TASK: Your reply should be made up of every line in the records below that holds the string "Image".

** Opening DATASET ENTRIES block **

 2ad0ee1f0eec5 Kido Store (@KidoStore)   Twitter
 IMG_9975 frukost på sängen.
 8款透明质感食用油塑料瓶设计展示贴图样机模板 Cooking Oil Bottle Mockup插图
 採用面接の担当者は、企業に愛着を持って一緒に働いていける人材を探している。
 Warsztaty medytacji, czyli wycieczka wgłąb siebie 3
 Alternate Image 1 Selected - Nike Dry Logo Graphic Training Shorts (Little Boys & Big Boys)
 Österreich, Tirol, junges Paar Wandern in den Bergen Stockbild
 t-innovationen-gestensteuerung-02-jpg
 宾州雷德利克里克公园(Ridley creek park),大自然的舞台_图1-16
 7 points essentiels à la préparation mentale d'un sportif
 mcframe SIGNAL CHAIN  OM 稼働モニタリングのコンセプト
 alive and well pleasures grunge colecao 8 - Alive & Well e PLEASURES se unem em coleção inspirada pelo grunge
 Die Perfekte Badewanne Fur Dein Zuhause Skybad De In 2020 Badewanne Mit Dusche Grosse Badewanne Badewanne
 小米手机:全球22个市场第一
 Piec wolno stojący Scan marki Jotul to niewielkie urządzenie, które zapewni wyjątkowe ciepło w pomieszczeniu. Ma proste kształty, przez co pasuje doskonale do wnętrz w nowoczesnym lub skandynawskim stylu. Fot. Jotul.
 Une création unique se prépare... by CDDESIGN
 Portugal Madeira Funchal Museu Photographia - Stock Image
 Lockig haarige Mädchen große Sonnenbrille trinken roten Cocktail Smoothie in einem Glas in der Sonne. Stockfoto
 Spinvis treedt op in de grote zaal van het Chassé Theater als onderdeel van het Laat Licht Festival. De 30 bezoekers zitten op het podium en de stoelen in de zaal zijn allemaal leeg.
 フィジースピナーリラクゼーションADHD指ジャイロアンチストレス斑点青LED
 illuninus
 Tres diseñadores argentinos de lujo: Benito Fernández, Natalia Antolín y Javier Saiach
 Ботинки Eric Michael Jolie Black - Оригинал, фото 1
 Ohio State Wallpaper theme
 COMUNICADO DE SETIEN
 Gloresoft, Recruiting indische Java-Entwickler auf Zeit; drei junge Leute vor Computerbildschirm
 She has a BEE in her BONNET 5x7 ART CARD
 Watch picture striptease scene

** Closing DATASET ENTRIES block **

COMPLETED TASK:
 Alternate Image 1 Selected - Nike Dry Logo Graphic Training Shorts (Little Boys & Big Boys)
 Portugal Madeira Funchal Museu Photographia - Stock Image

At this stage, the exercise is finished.